Mapa de votação em São Gonçalo no segundo turno: Dimas Gadelha em tons avermelhados e Capitão Nelson em tons esverdeados/Reprodução

Há duas décadas os MBA’s eram novidade, as palavras GEO – Globalização, Empowerment e Orquestration faziam parte da moda e relatavam que, pessoas acima de quarenta anos, não mais participariam de um mercado promissor, que as empresas seriam nas residências.


Nessa mesma época, Agenda 21 já havia sido demonstrado, comprovadamente, ineficaz, aparecendo, assim, outras modelagens, como a redefinição em Sustentabilidade e GRI. Outras definições, já na lata do lixo da história, mas que ainda persistem nas cabeças e nomeações constantes como desenvolvimento econômico, que deixa de lado fatores como o Meio Ambiente e as pessoas(integrantes do Meio Ambiente).


A agenda 21 foi um dos desdobramentos da ECO 92, e que já teve diversas revisões. É o Ciclo de Deming na prática.


“Deveriam gerenciar o ambiente todo e não apenas o Meio Ambiente”. Já ouvimos essa frase na cidade.


Desde os tempos da ARENA – Aliança Renovadora Nacional, na cidade gerenciada pelo Grupo Lavoura - e MDB, com lideranças diversas, a cidade de São Gonçalo sempre teve, no mínimo, um deputado federal e um deputado estadual, isso com população muitas vezes menor do que a que temos atualmente. Hoje muito mudou.


Em face de diversas crises e o advento da ponte Rio-Niterói, o populismo, aqui implementado como marca básica, e o aceite para receber favelas de outras cidades, as quais foram para cá removidas, abandonadas por tudo e todos. A população do município explodiu sem nenhum controle e regras, mantendo-se assim com políticas permissivas.


Uma das poucas cidades que, mesmo banhadas pelo mar, tem sua igreja matriz no interior, e seu nome de ibirapitanga, os portos não funcionam(oficialmente).

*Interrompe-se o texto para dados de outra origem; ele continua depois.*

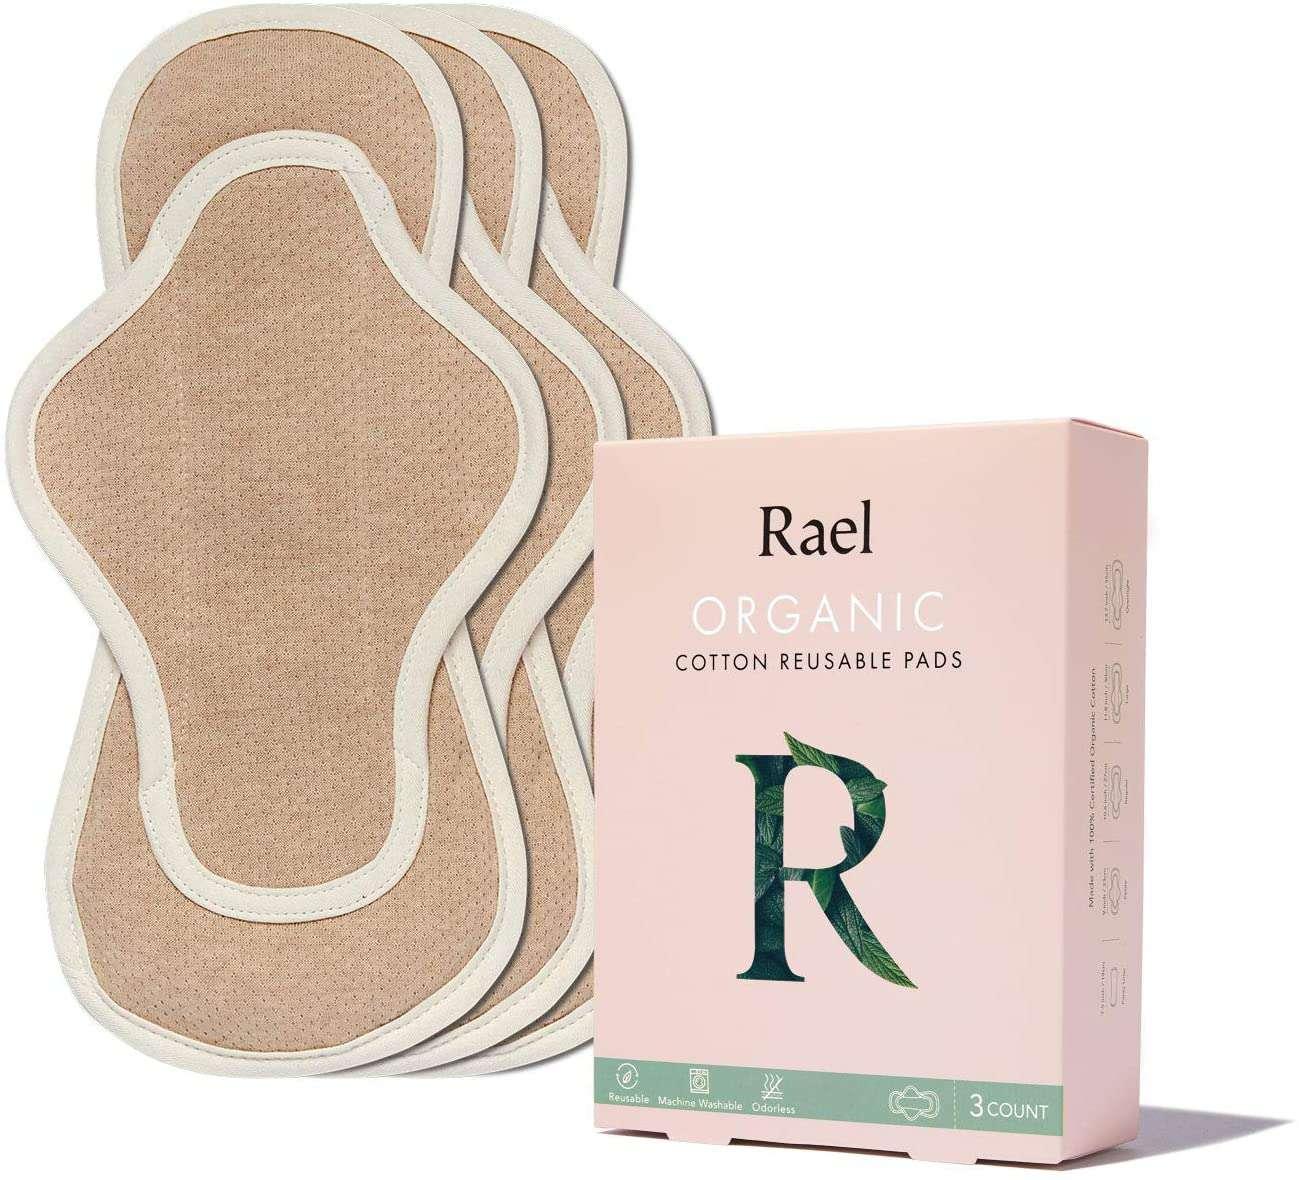 Rael Organic Reusable Pads

Transporte de massas já foi promessa e atualmente só decepção. Viva a Linha 3 e as barcas. Realidade é a Favela da Linha que dá lucro.


A gestão que ora se encerra no Poder Executivo da cidade, foi a única, que conhecemos, a qual não elegeu seu candidato oficial que fora indicado para o legislativo estadual, nem para a Câmara Federal. Note que citei candidato oficial. Será que tinha outros candidatos? Aí a história responderá.

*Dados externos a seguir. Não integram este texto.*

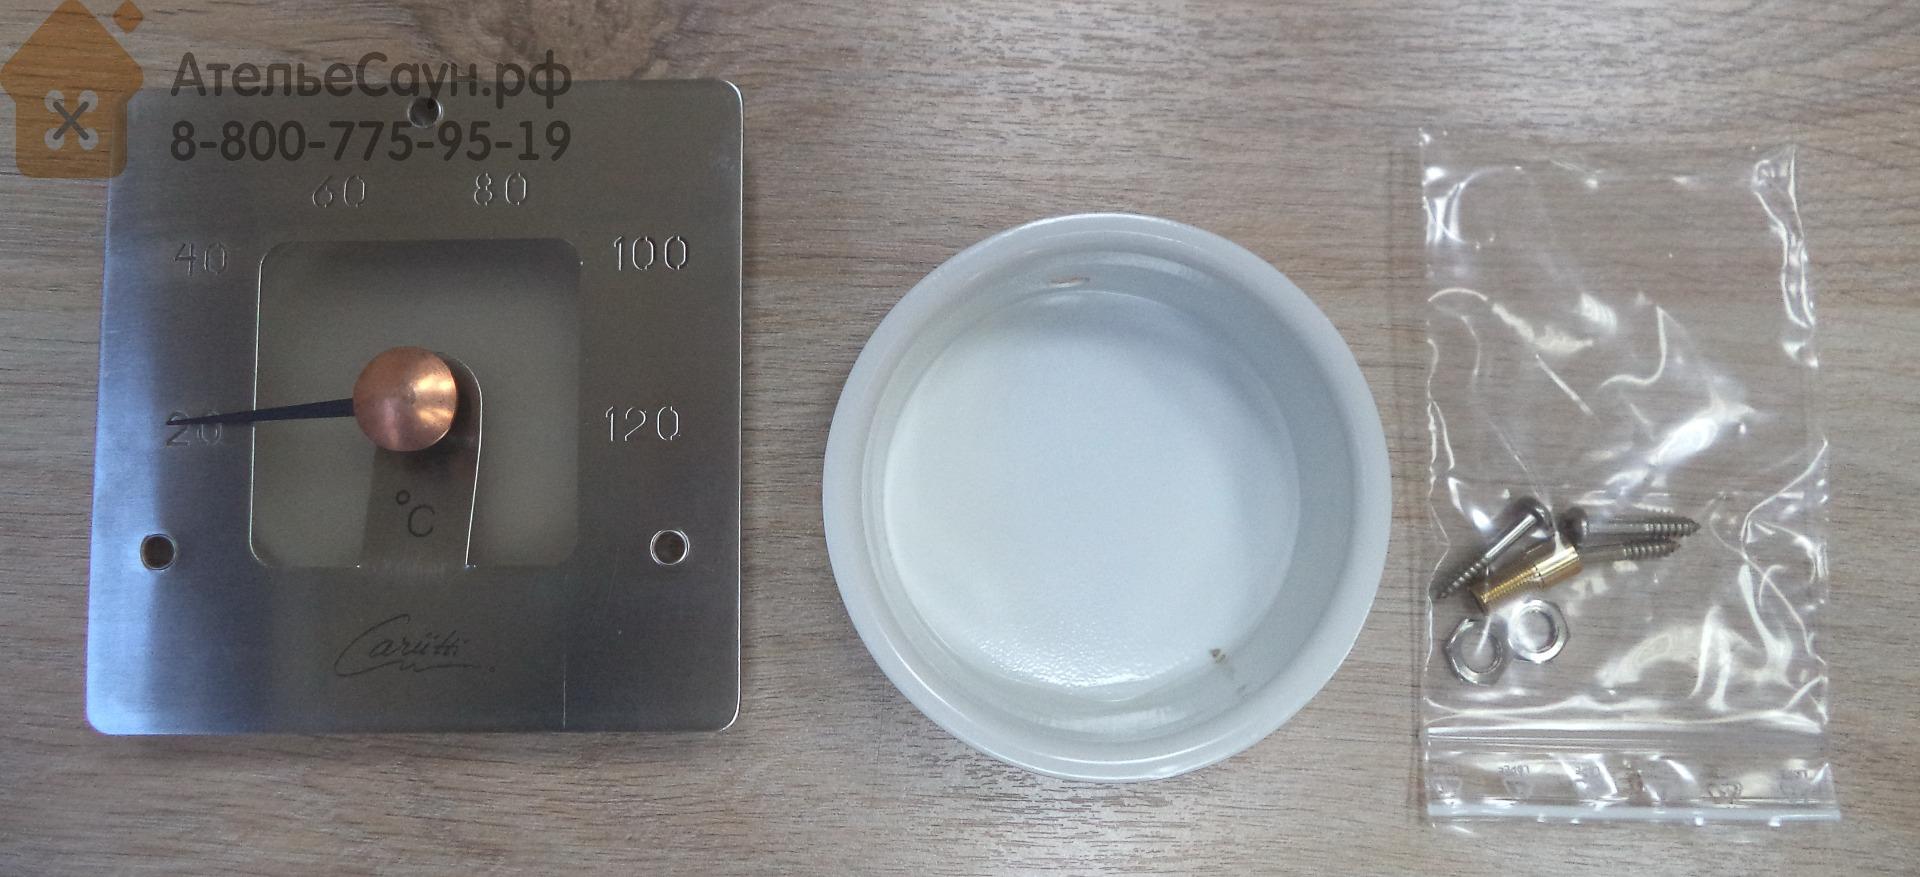 Термометр для сауны Cariitti SQ (1545828, нерж. сталь, требуется 1 оптоволокно D=2-4 мм)

São Gonçalo sempre elegeu dois deputados federais e de três a quatro deputados estaduais e agora, quem? Quem temos na estrutura de Poder? Quem colocará verbas aqui? Emendas parlamentares.


Somos quantitativo, mas a China também o é. Seria uma vantagem competitiva(leia-se Porter)?


Há uma regra bem clara para as eleições que não são repassadas para a população que é a relação onde, quem tem a prefeitura, elege os deputados(lembrem-se de máquina administrativa), porém, as pessoas que têm esses interesses diretos não aparecem. Ficam atrás do pano. Esse ano, diferente de todos os outros, apareceram. Todos. Eleição serve para analisar, discutir, votar e aprender.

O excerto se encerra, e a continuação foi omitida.